Step 5: to the node obtained（Including start node and end node）Carry out inspection filtering.

The start node and end node selected in the step 4 are checked and filtered, the content in remaining node, the remaining node of output and node is obtained, the content includes word, picture etc..

Filtering is carried out according to some features of interdependent node, such as class is deleted the need for being equal to certain particular value, id is equal to deletion etc. the need for certain particular value, and content, which meets some feature and is then followed by some network address, just deletes, and is mainly used in the advertisement category information cleared up in the middle of content.

Step 6: the text in start node and end node after output filtering.

Finally it should be noted that:Above example is merely to illustrate the technical scheme of the application rather than the limitation to its protection domain, although the application is described in detail with reference to above-described embodiment, those of ordinary skill in the art should be understood:Those skilled in the art read can still carry out a variety of changes, modification or equivalent to the embodiment of application after the application, but these changes, modification or equivalent, apply within pending claims.

Claims

1. a kind of method of Web page text extracting, it is characterised in that：It the described method comprises the following steps：

I, Web-page preprocessing；

II, the most long string found in the webpage；

V, inspection filtering is carried out to the start node and end node；

The text in start node and end node after VI, output filtering.

2. a kind of method of Web page text extracting as claimed in claim 1, it is characterised in that：The step I includes：Whether judge in the webpage comprising negligible label：" annotation ", " script ", " meta "；Obtain the negligible label and the content in negligible label and deletion.
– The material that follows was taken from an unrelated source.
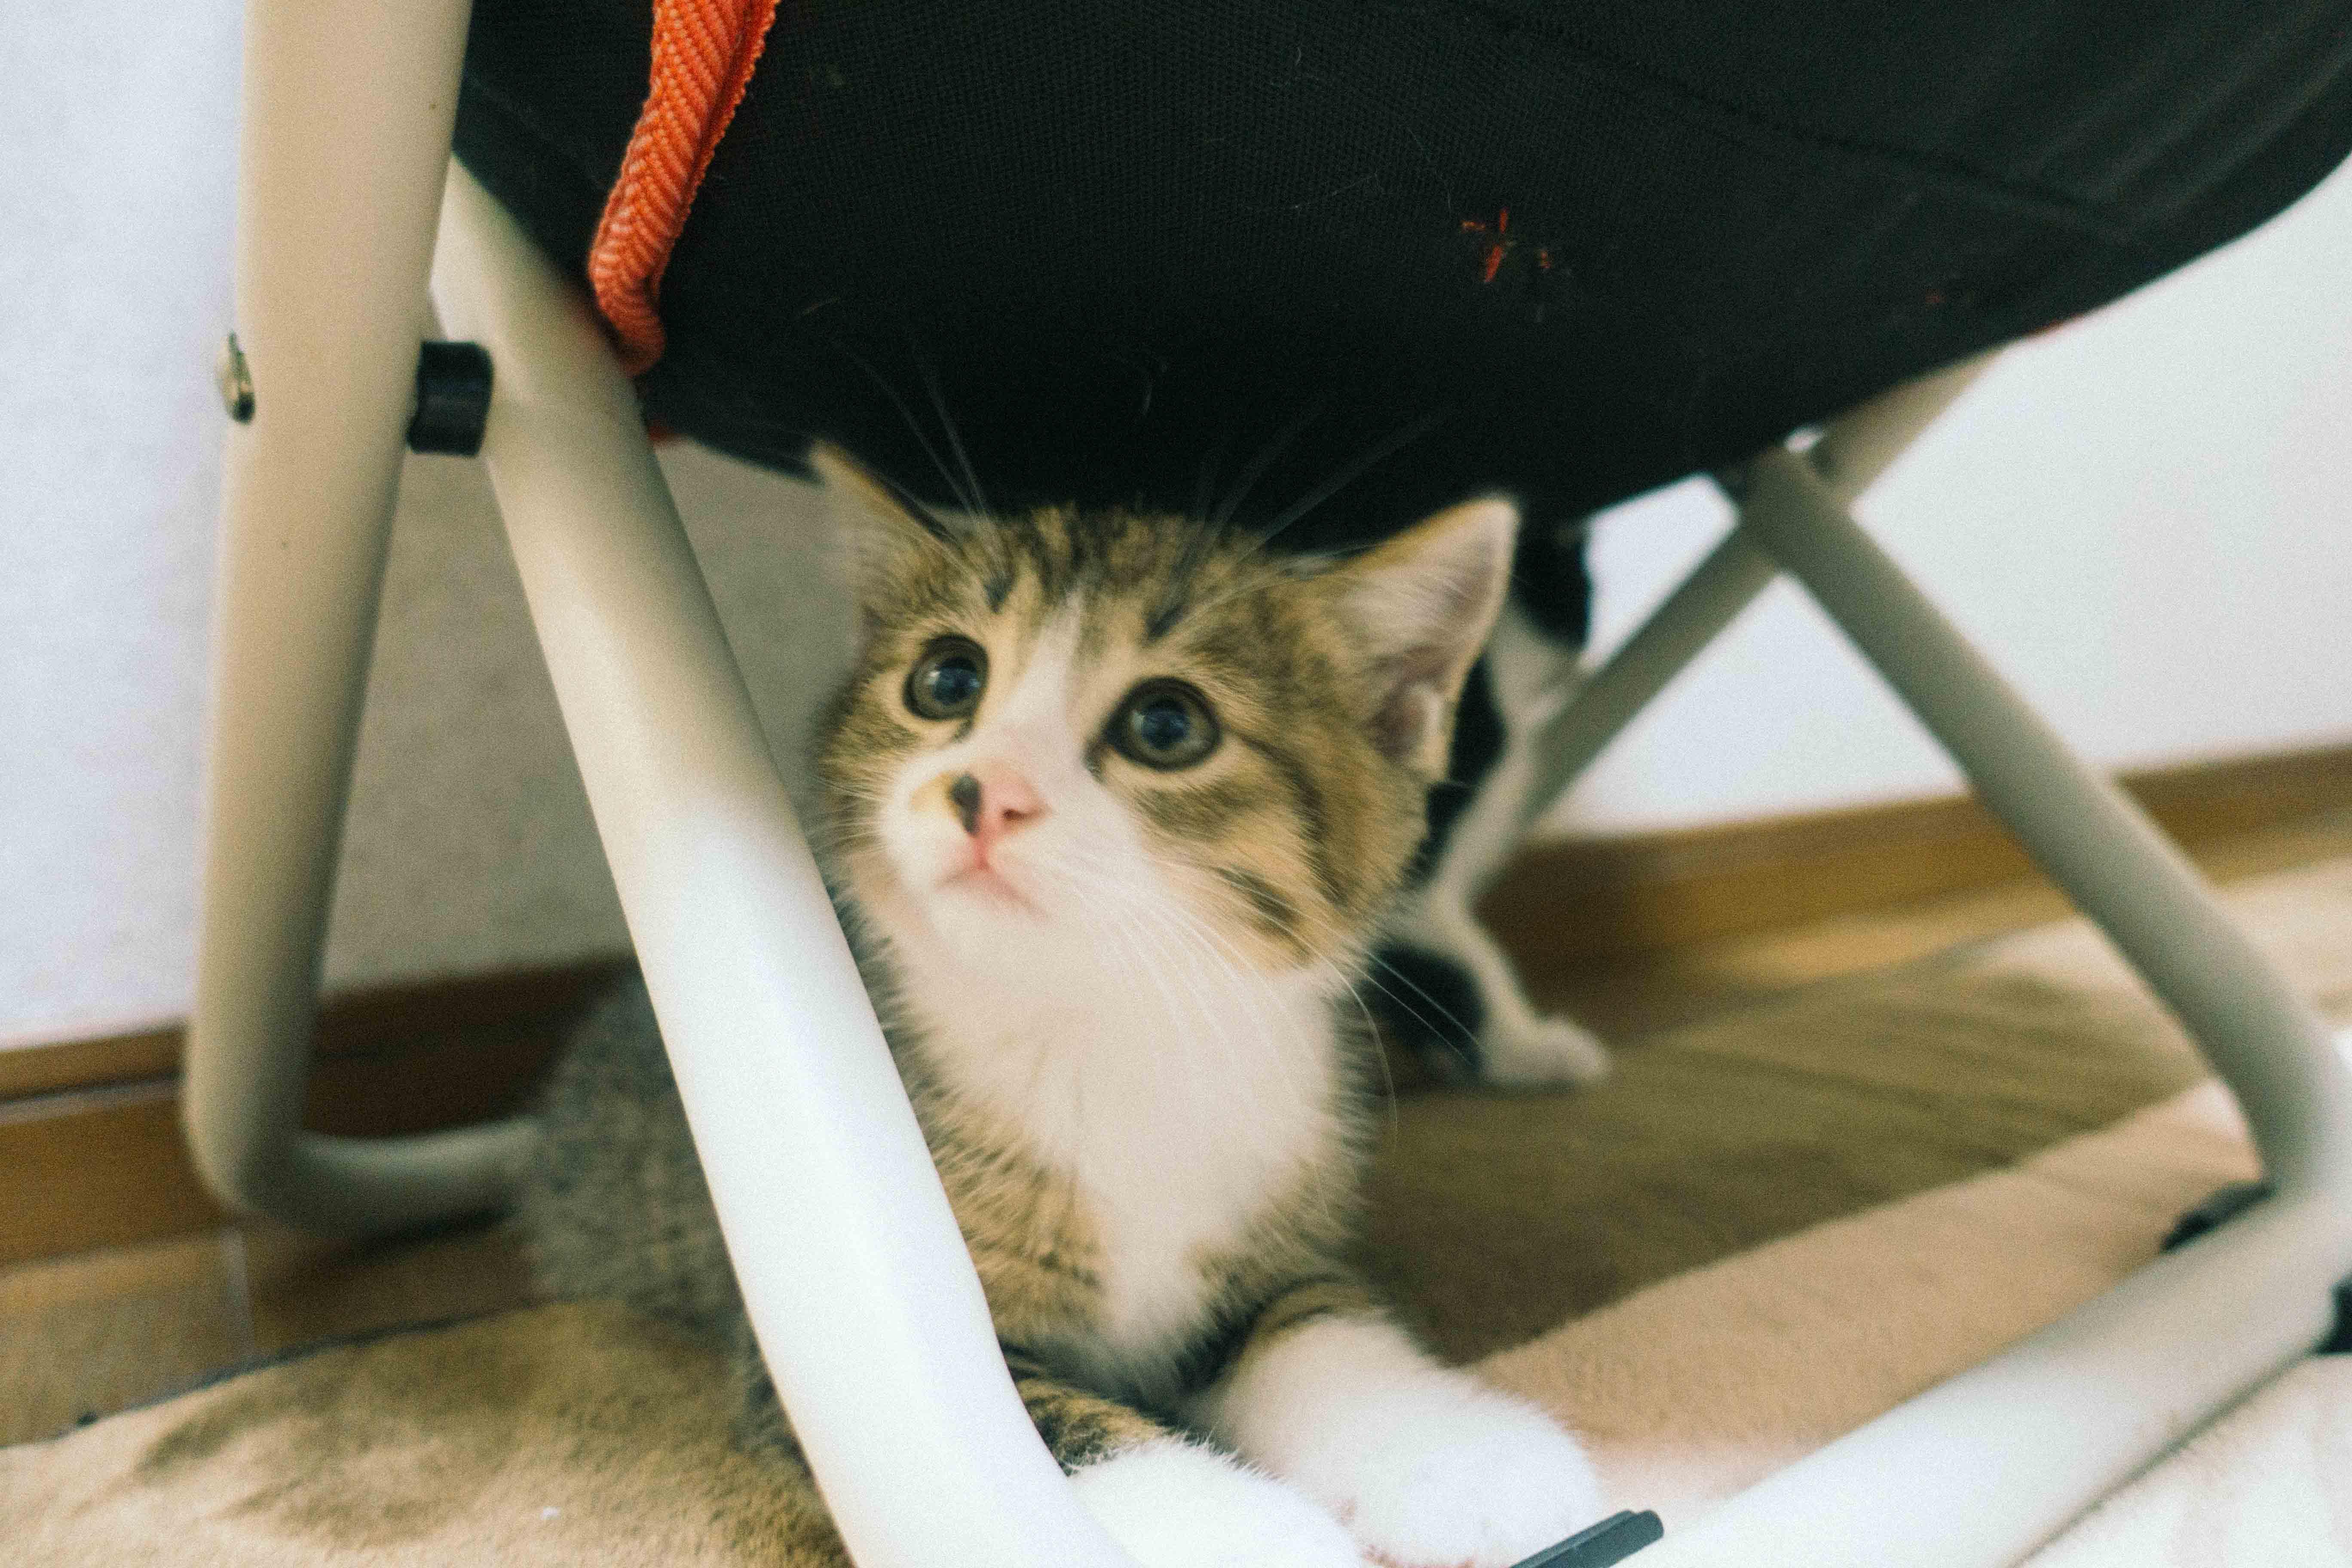 椅子の下の子猫

3. a kind of method of Web page text extracting as claimed in claim 1, it is characterised in that：The step II comprises the following steps：1）, in the Web page text the most long string in the webpage is found with behavior unit；

4. a kind of method of Web page text extracting as claimed in claim 1, it is characterised in that：Dom tree is created to the webpage in the step III, the information of all nodes is obtained according to dom tree, and the node is stored in array, is searched in the array comprising node comprising the most long string of node of correspondence；

5. a kind of method of Web page text extracting as claimed in claim 1, it is characterised in that：Similar node is found using label clustering method according to the label of the most long string of node stored in array, the start node and end node in the step IV is determined.

6. a kind of method of Web page text extracting as claimed in claim 5, it is characterised in that：The label clustering method is included to the label characteristics forward, backward and two-way searching.

7. a kind of method of Web page text extracting as claimed in claim 1, it is characterised in that：The start node and end node selected in the step IV are checked and filtered, the content in remaining node, the remaining node of output and node is obtained.

8. a kind of method of Web page text extracting as claimed in claim 1, it is characterised in that：The Web page text searches text using the part that the most paragraph of continuous text is text, and seed node is searched in dom tree, according to seed node to forward and backward extension, whole text region is found out.